When new nodes are added, the tools come from the Juju Server. The only time
tools are fetched again from the internet is when an upgrade is done.

>> [ ... ]  we now store charms and tools in the environment
>> blobstore.
> 
> Thanks for the details!
> 
>> So the above is for bootstrap.
> 
> So far so good, and it looks like bootstrap worked around May
> this year.
> 
>> For upgrades, if the machines in your environment have
>> internet access, then juju upgrade-juju --version=1.24.5
>> should just work.
> 
> That's a bit vague. though.
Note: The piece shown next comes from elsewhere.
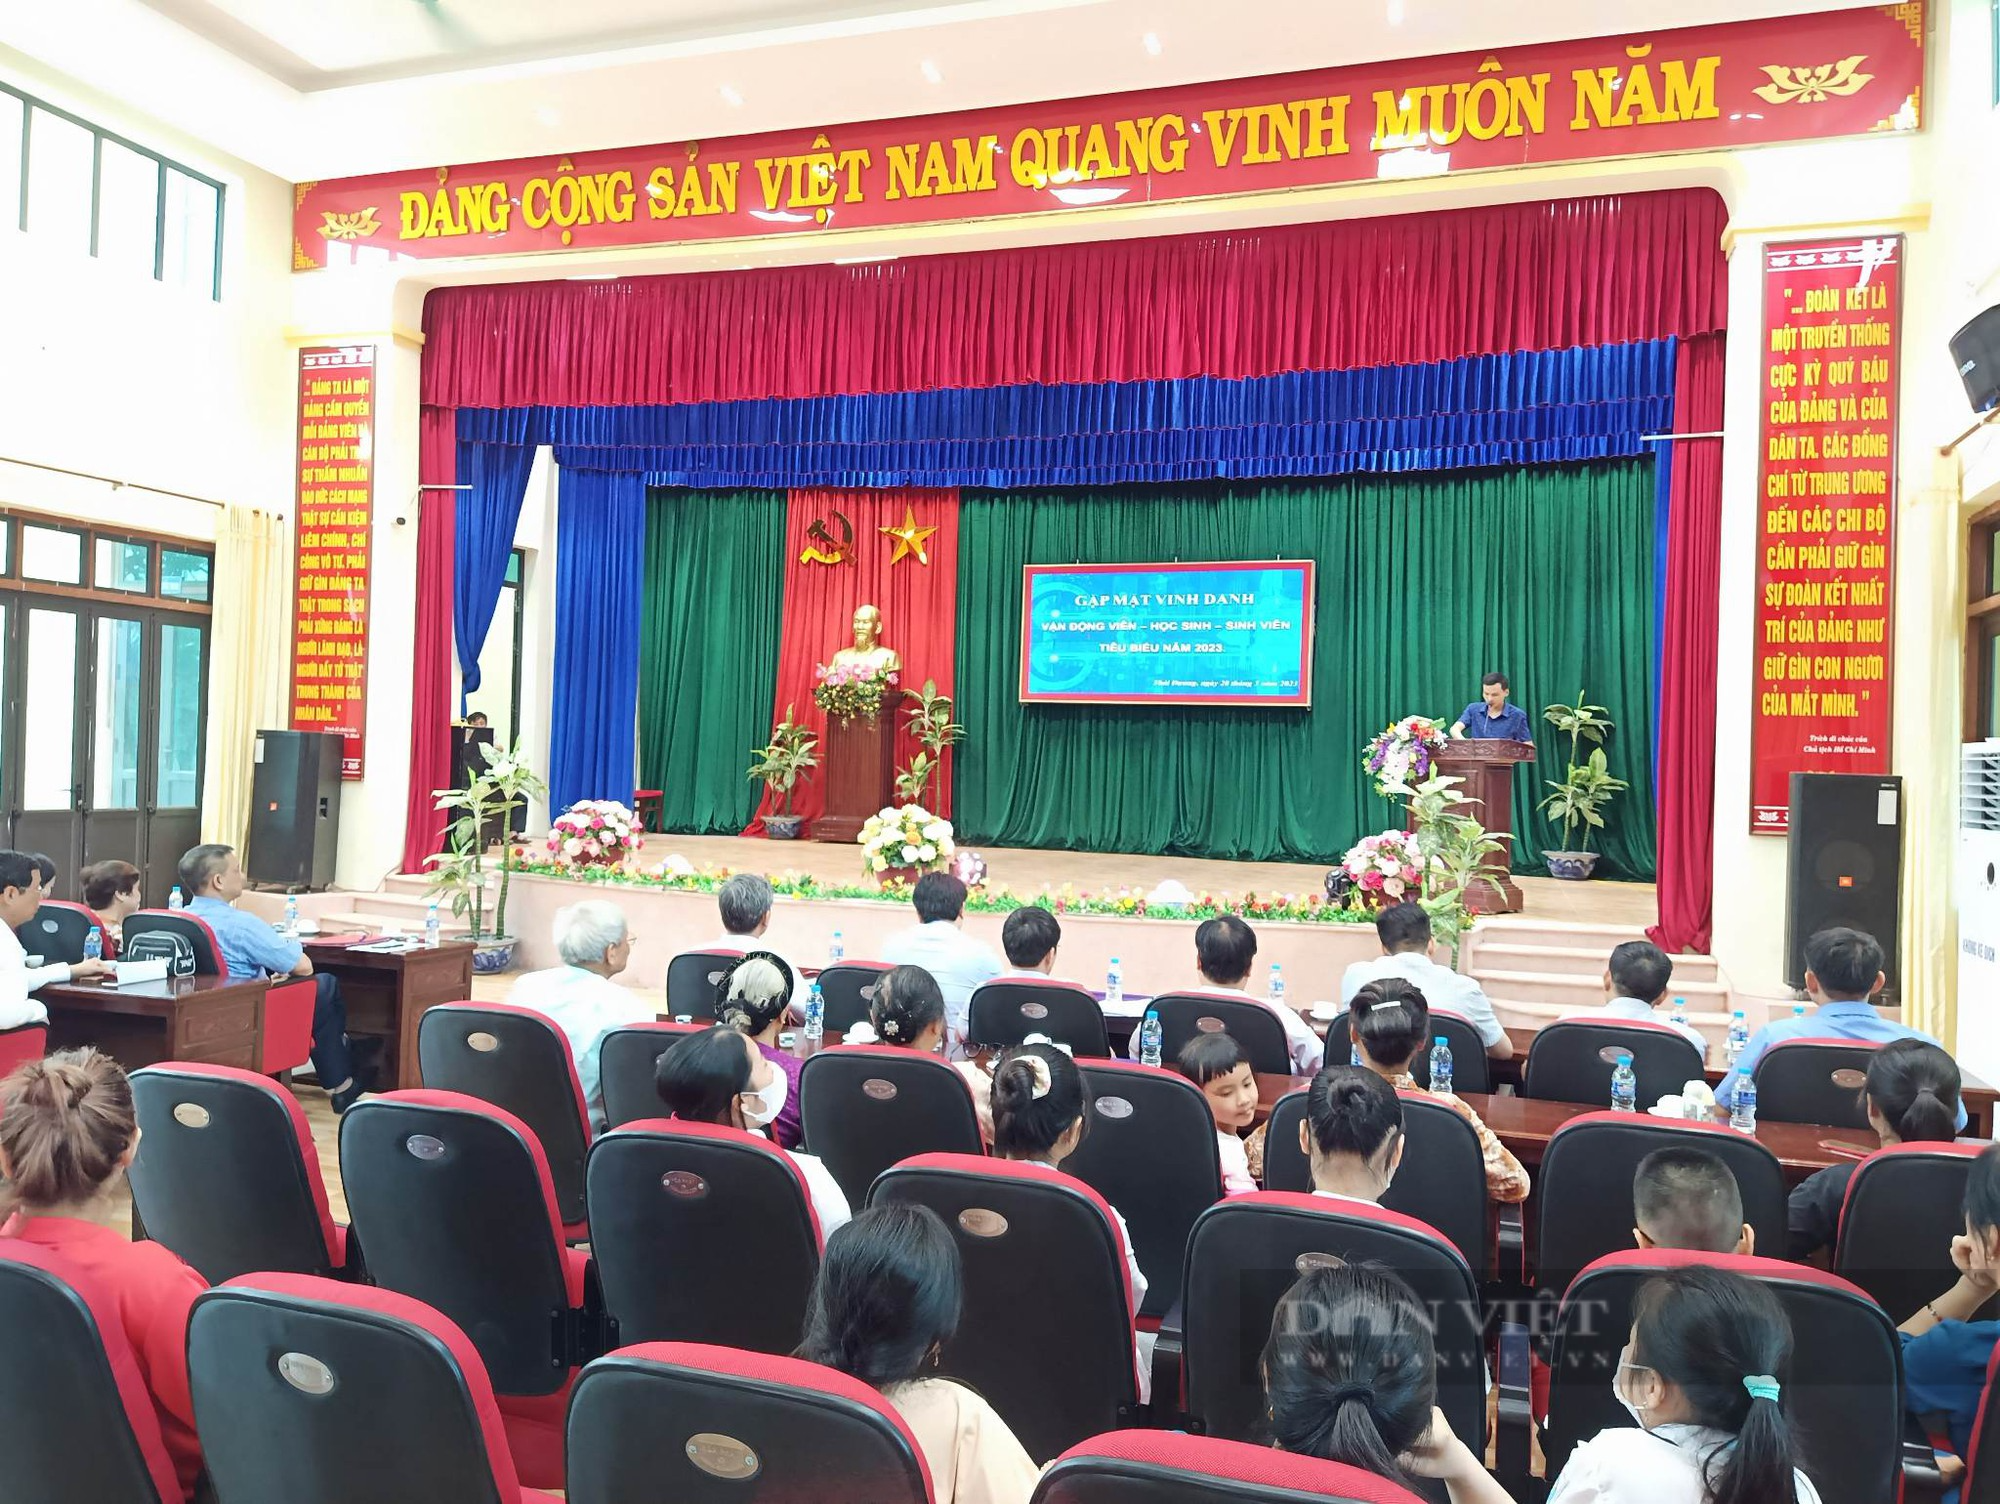 Kình ngư giành 3 HCV Sea Games 32 Phạm Thị Thu được vinh danh tại quê nhà  - Ảnh 3.

I would run 'juju upgrade-juju' on
> the control node, which has got 1.24.5 and then "somehow" the
> ~70 units with 'jujud' 1.23.3 deployed on the local 12 nodes
> would then download the '.tgz' for their architecture of version
> 1.24.5, but that does not happen and I got instead the error
> message "ERROR no matching tools available" which seems to be
> coming from the 'juju' command running on the control node
> itself.
> 

You typically run juju upgrade-juju on a client machine. I recommend always
using the --version argument to avoid surprises. The algorithm is essentially:
- upgrade command figures out what version to upgrade to [1]
- upgrade command writes an environment setting with the requested version
- Juju machine agents notice the new version request and download the tools to
their nodes
- each agent on the nodes restarts in order to run with the jujud afforded by
the new tools

[1] the algorithm used to figure out the version of tools to upgrade to is
essentially X+1 but it depends on client version and currently running version
in the environment. You can sometimes see a "no tools available"  message but
there needs to be much better UX in this area to explain why the tools version
could not be automatically determined etc. There have been bugs raised and fixed
eg http://pad.lv/1459093 but it's on ongoing are of improvement.
It's best just to be explicit (insert comments about testing explicit version
compatibility in your own environment and then upgrading to the known, tested
version etc).


> The reason I am looking for details is to know a bit in advanced
> at to what 'strace' or where to 'tcpdump' to see what is
> actually broken.
> 
> This quote tells me that at least in some cases it is the unit's
> 'jujud' that fetches its own replacement:
> 
>   >> http://askubuntu.com/questions/555281/ubuntu-maas-juju-bootstrap-stuck-on-fetching-tools
>   >> Fetching tools: curl -sSfw 'tools from %{url_effective} downloaded: HTTP %{http_code}; time %{time_total}s; size %{size_download} bytes; speed %{speed_download} bytes/s ' --retry 10 -o $bin/tools.tar.gz 'https://streams.canonical.com/juju/tools/releases/juju-1.20.11-trusty-amd64.tgz'
> 
> and in that example is that it is fetched direct from the
> "simplestream" at the Canonical site.
> 

The information above is out of date.
The jujud agent responsible for managing the node (also known as the machine
agent) is responsible for ensuring tools are available on the machine during an
upgrade. It does this by asking the Juju Server for the requested tools. The
Juju Server looks in its cache and only goes to streams.canonical.com if the
tools aren't cached locally. Once the machine agent has fetched tools for that
machine, the unit agents do not also fetch tools; they use what the machine
agent has just obtained.

>> $ juju sync-tools --version 1.24
> 
> Ahhh spotted that the ".5" is not used here. Indeed I add it
> indeed does not work. Unfortunately right now the Juju setup is
> in an unfavourable state because of a MAAS upgrade issue.
> 
>> Once the above is run, the upgrade command should be able to
>> find the latest 1.24 tools in the Juju Server blobstore.
> 
> I'll have a look later, I have a present problem with MAAS that
> is blocking me, about to send another email about that.
> 

sync-tools is totally unnecessary because you said your environment has internet
access.
You only need sync-tools for isolated environments where it is necessary to load
the tools manually into the Juju Server's tools cache.